5+ Hours of Video Instruction

Overview

Introduction to Game Design LiveLessons introduces you to a play-based approach to game design through the creation of a video game from start to finish. Along the way, the lessons identify the primary characteristics of games and different strategies for creating them as well as the iterative game design process of conceptualizing, prototyping, playtesting and evaluating.

Description

This is a comprehensive overview of the game design process from start to finish. By following along, viewers learn the steps involved in coming up with a solid idea for a game, building different types of prototypes, methods for playtesting game prototypes and evaluating the results. The goal of this Livelessons video is to provide viewers with all the tools needed to create innovative and exciting new games. Along the way, Macklin and Sharp cover a wide range of game genres and types as examples of a play-centric approach to making games and delve into the reasons why they are successful.

About the Instructors

Colleen Macklin is a game designer and an Associate Professor in the school of Art, Media and Technology at Parsons The New School for Design, where she has been teaching interaction and game design for over 20 years. Macklin is also founder and co-director of PETLab (Prototyping Education and Technology Lab), a lab that develops games for experimental learning and social engagement. PETLab projects include disaster preparedness games and sports with the Red Cross, the urban activist game Re:Activism and the physical/fiscal sport Budgetball. PETLab has also published game design curricula for the Boys & Girls Club. She is a member of the game design collective Local No. 12, best known for their social card game, the Metagame. Her work has been shown at Come Out and Play, UCLA Art|Sci Center, The Whitney Museum for American Art and Creative Time.

John Sharp is a designer, art historian, curator and educator with over twenty five years of involvement in the creation and study of art and design. He is the Associate Professor of Games and Learning at Parsons The New School for Design. Along with Colleen Macklin, John co-directs PETLab (Prototyping, Education and Technology Lab), a research group focused on games and their design as a form of social discourse.
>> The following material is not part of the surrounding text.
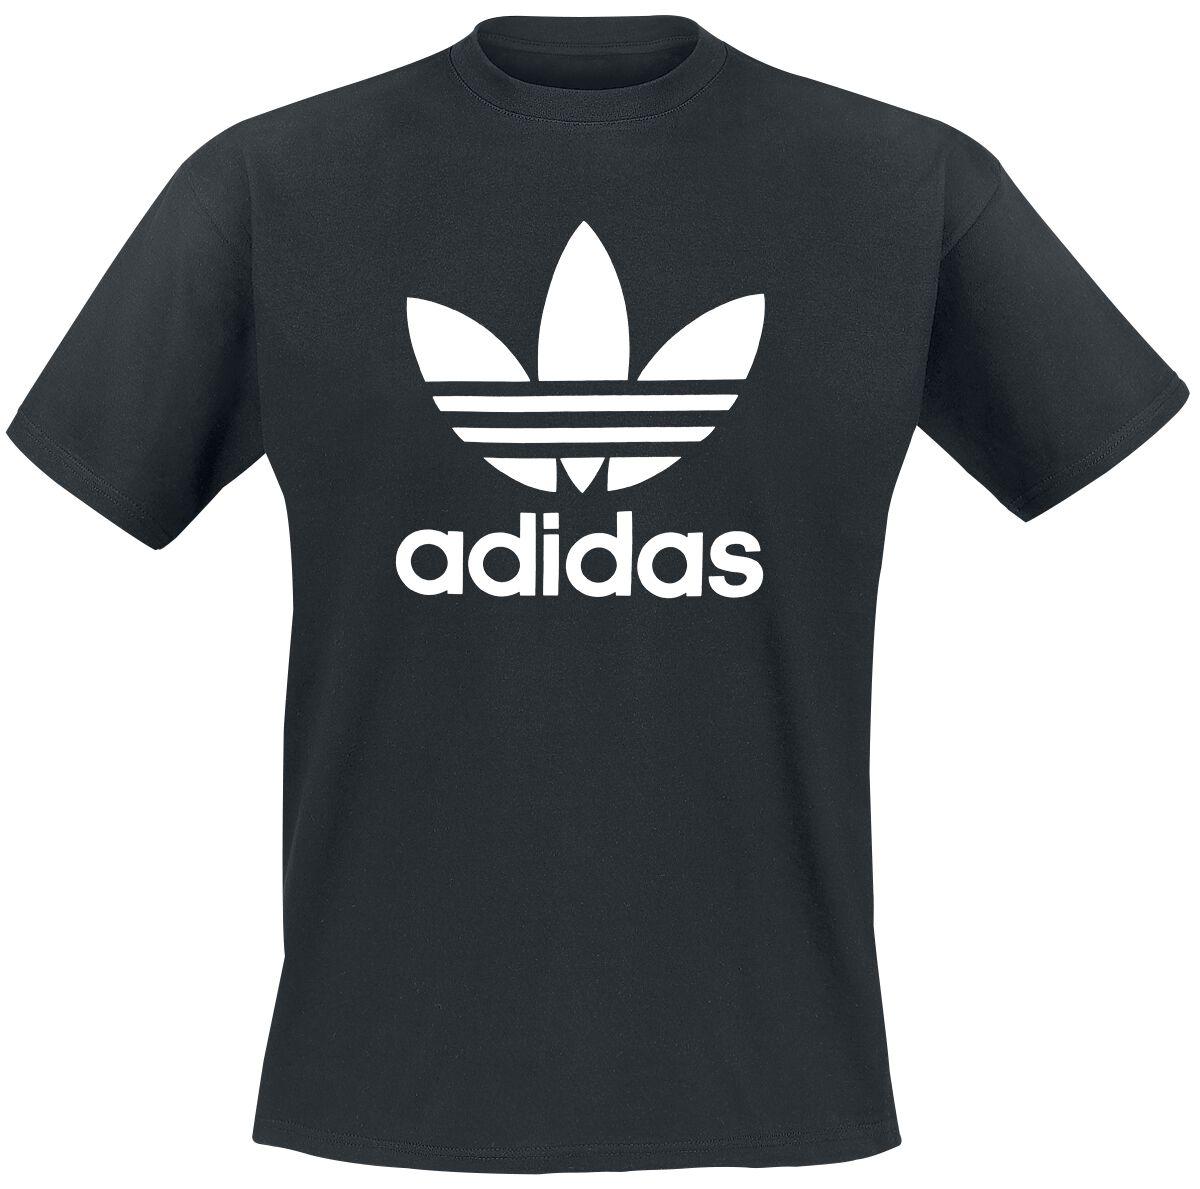 Image of   Adidas Trefoil T-Shirt T-Shirt sort-hvid
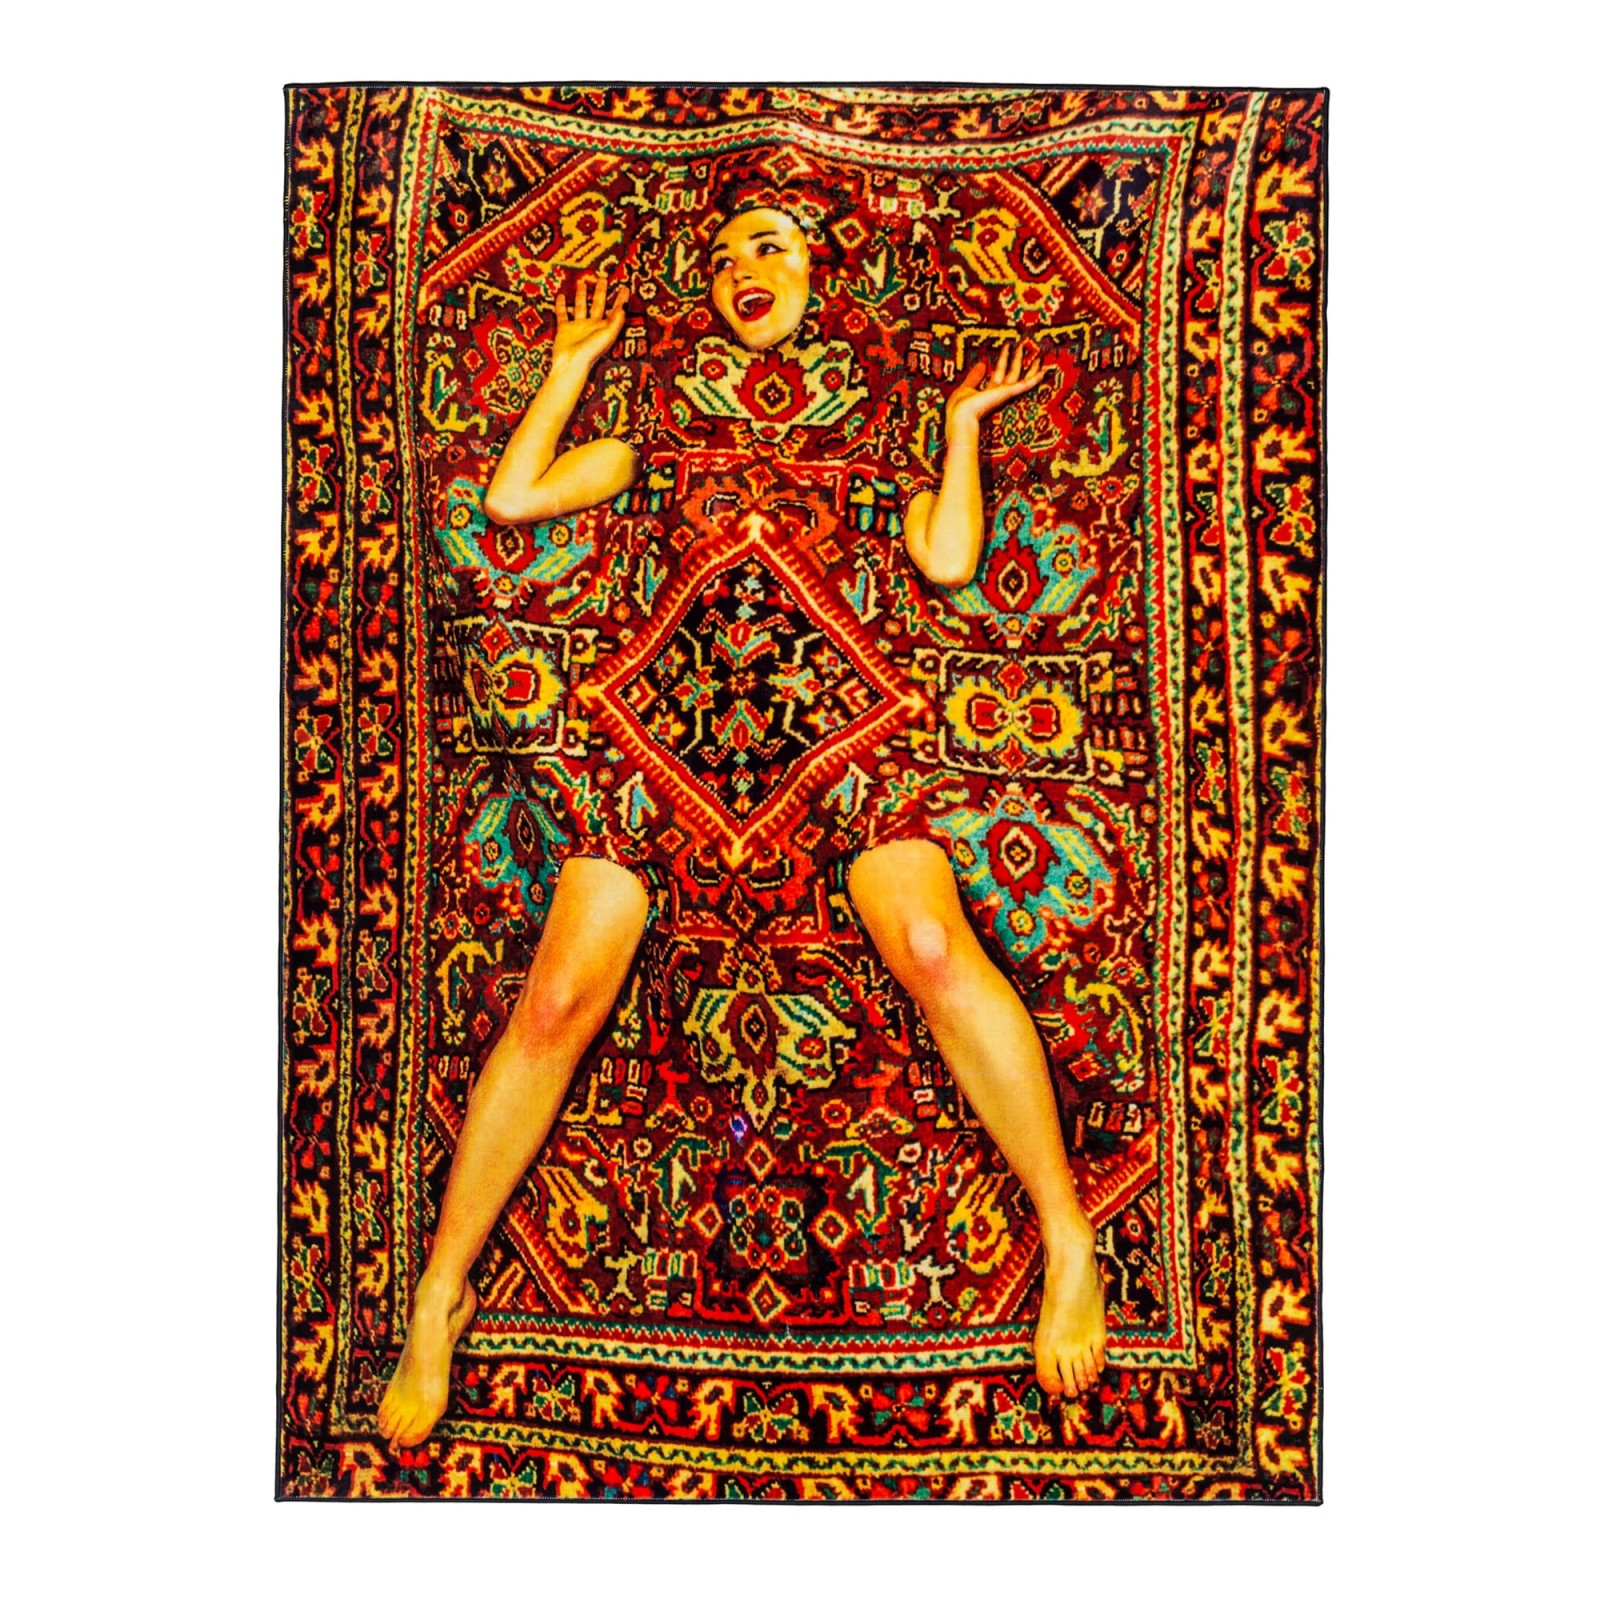 Toiletpaper Lady on Carpet Rectangular Rug

John is also a member of the game design collective Local No. 12 along with Colleen Macklin and Eric Zimmerman (Arts Professor, New York University Game Center), a company focused on finding play in cultural practices. Along with Peter Berry, John is a partner in Supercosm, where he focuses on interaction and game design for arts and education clients.

Skill Level

  • All Levels
  • Beginner
  • Intermediate
  • Advanced

What You Will Learn

  • The game design process in detail
  • Techniques for creating innovative games
  • The tools designers use to create a wide range of play experiences
  • How to break down the elements of a game

Who Should Take This Course

  • Those interested in learning how to design games, and those with experience looking for a new approach to thinking about games.

Course Requirements

  • n/a

Table of Contents

Part 1: Principles

In the first three lessons of Introduction to Game Design LiveLessons, Macklin and Sharp introduce the principles and terminology of a play-focused game design process.

Lesson 1 What Is a Game?

Lesson 1 looks at what makes the design of games a thrilling but challenging practice. The analogy of games being “play machines” is introduced, along with a look at the basic elements that make up play machines. From there, some of the basic tools of game design are introduced, including abstraction, stylization, indirection and the decision-making / feedback loop.

Lesson 2: The Kinds of Play

Lesson 2 considers the different kinds of play experiences game designers create for their players. The lesson takes a close look at competitive and cooperative play, chance-based and skill-based play, whimsical play, role-playing and simulation-based play. The lesson concludes with a discussion of the differences in playing as a player, and playing as a designer.

Lesson 3: Designing Play Experiences

Lesson 3 returns to the game design tool kit, and adds a set of more nuanced tools for making play machines. The lesson introduces the concept of design values, a set of guides that establish the kind of play experience game designers want to provide their players. The lesson then examines six key factors in shaping play: player point of view and perception, theme, decision-making types, challenge, chance and strategy and context.

Part 2: Practice

In the second part of this LiveLesson series, Macklin and Sharp introduce the iterative game design cycle, and demonstrate its application in the early creation of their videogame, Ping!.

Lesson 4: The Game Design Process

Lesson 4 provides a bird’s eye view of the complete iterative game design cycle.

Lesson 5: Conceptualizing Your Game

Lesson 5 looks more closely at the first step in the iterative process: conceptualizing. Macklin and Sharp demonstrate a number of techniques for taking ideas and turning them into solid game design concepts.

Lesson 6: Prototyping Your Game

Lesson 6 explores the process for taking your ideas and beginning to give them form through experiments, or prototypes. Macklin and Sharp demonstrate the paper, physical and digital prototypes they made for their game, Ping!.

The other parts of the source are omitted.